The annual celebration of Halloween every year on the 31st of October is a mainstay across much of the western world. This spooky event has a long history of enticing cultural traditions that light up the dark and cold weather including carving jack o’ lanterns, trick-or-treating, dressing up, bobbing for apples and other festivities for all ages, which have evolved and adapted through the ages. But where did it all begin, and how did the day become so deeply ingrained into the autumnal calendar? We delve into the history of Halloween to find out more. 

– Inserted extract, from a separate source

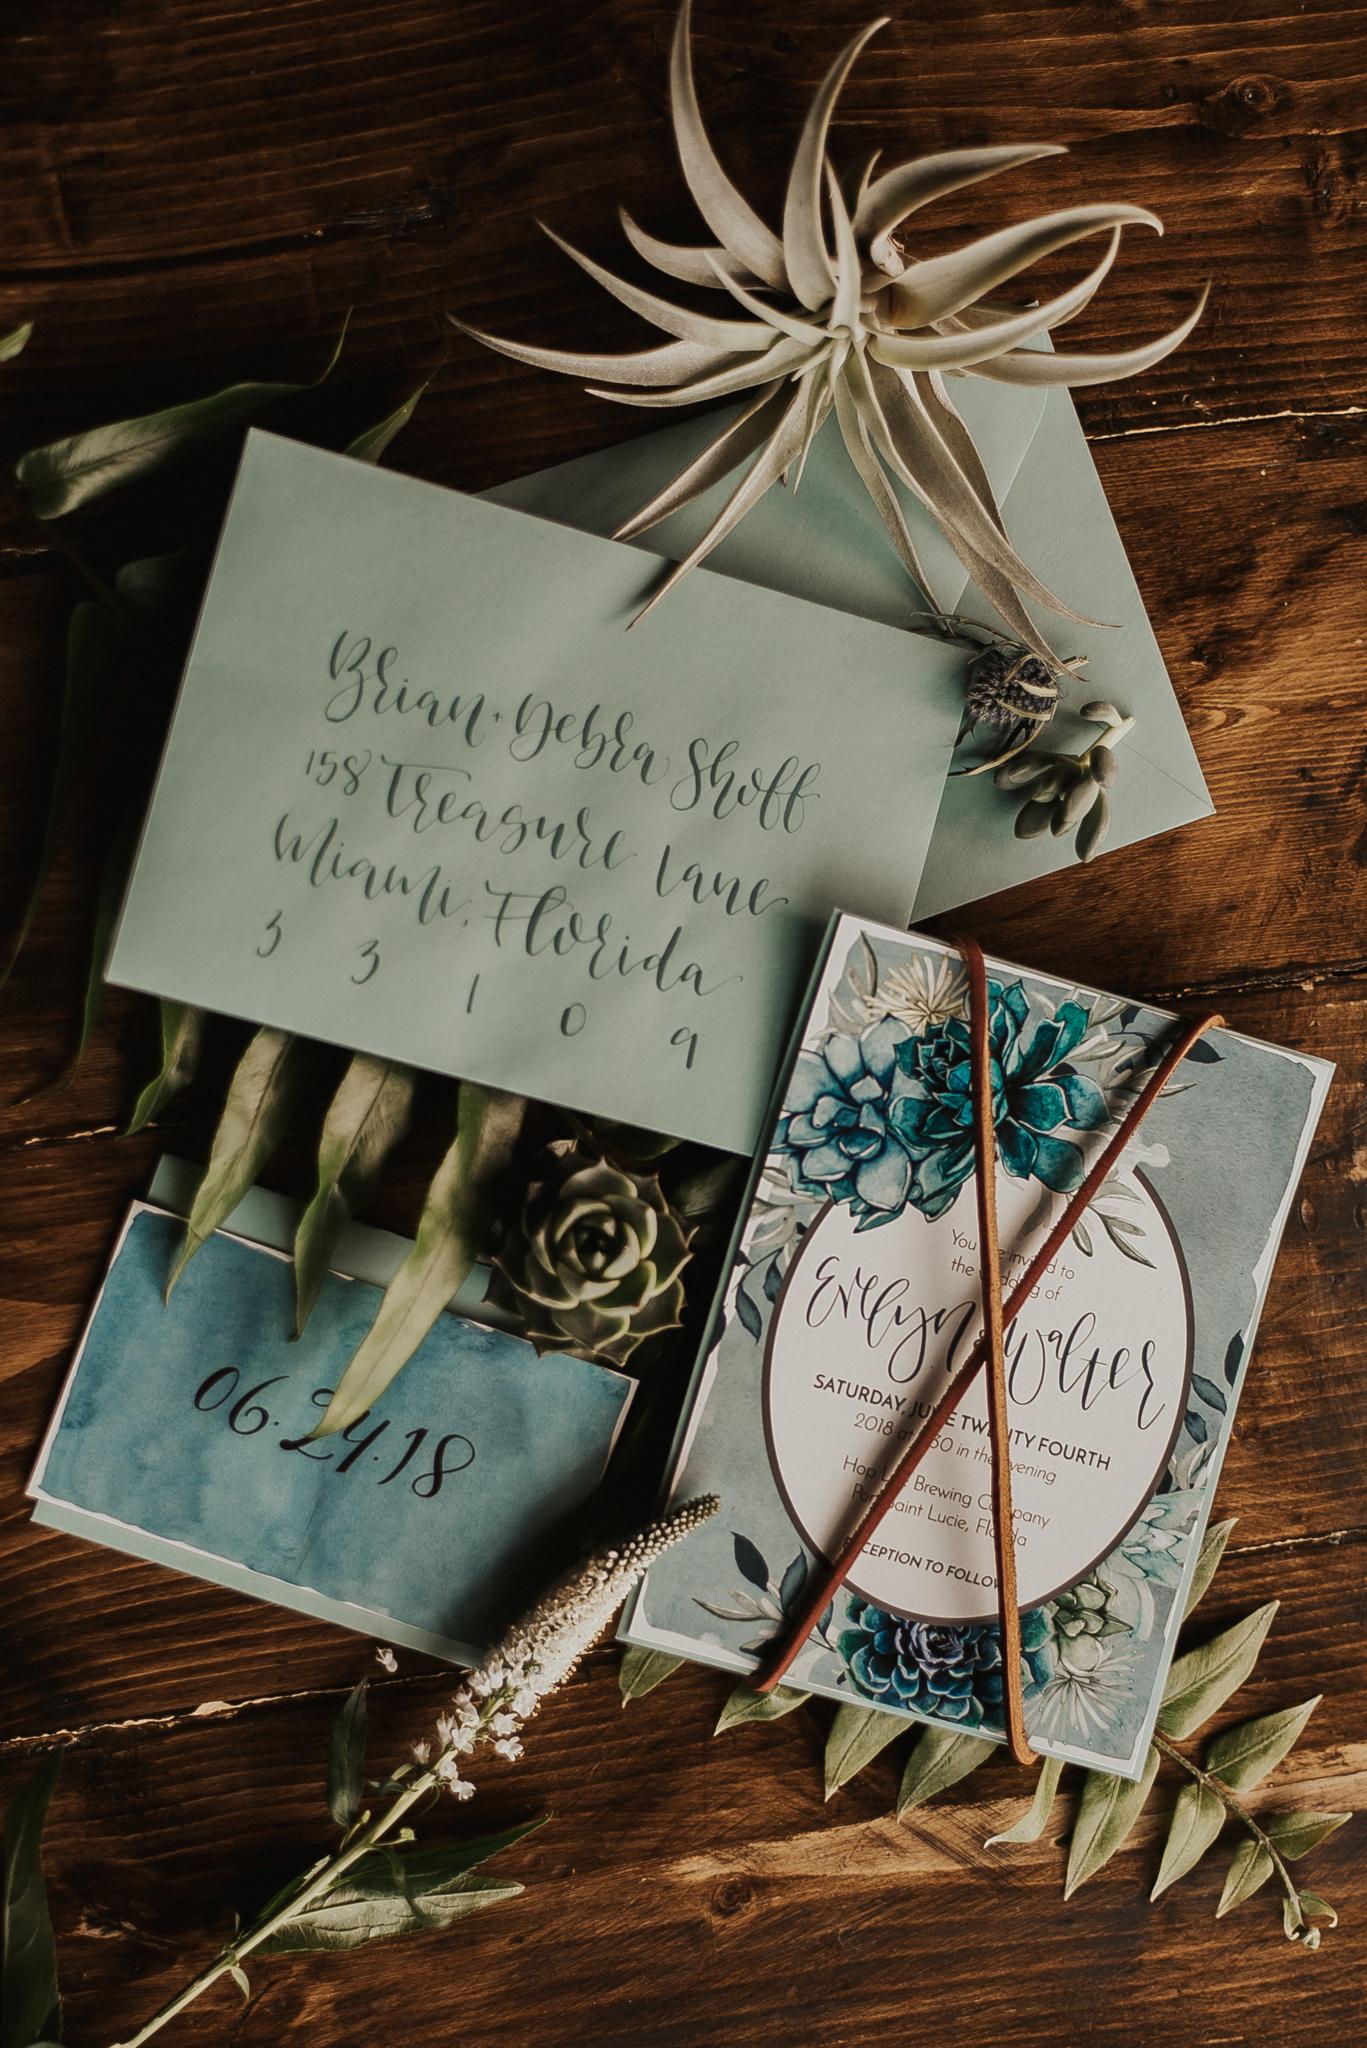 love-fern-design-studio-custom-wedding-invitations-for-the-modern-couple-modern-calligraphy-in-seattle-washington-custom-wedding-stationery-teal-watercolor-southern-boho-invitation-suite

The Celtic Festival of Samhain

samhain festival halloween
Source: The Local Mystic


The earliest origins of Halloween can be traced back to the ancient Celtic festival of Samhain, whose new year began on the 1st of November. The Celts of Ireland, the United Kingdom and Northern France saw the 31st of October much how we now see New Year’s Eve, marking the closing of one chapter and the beginning of another. For the Celts, this particular date was deeply significant because it signaled the beginning of winter, when the nights grew darker and the colder weather set in. For communities dependent on the unpredictable patterns of nature, the shift from autumn to winter was filled with fear and uncertainty, and the festival helped them to gain some sense of reassurance and security.


Modern day Pagans re-enacting the festival of Samhain, which revolved around fire
Modern day Pagans re-enacting the festival of Samhain, which revolved around fire.


Celts believed that on the 31st of October the walls between the living and the dead broke down, allowing ghosts to enter the living world and cause all sorts of trouble. Druids gathered people together during Samhain to host vast bonfires on which animals would be sacrificed to the Celtic gods, and Celts would dress up in elaborate costumes made from animal heads and skins. Many also dressed up to avoid being recognized by ghosts while walking around after dark. 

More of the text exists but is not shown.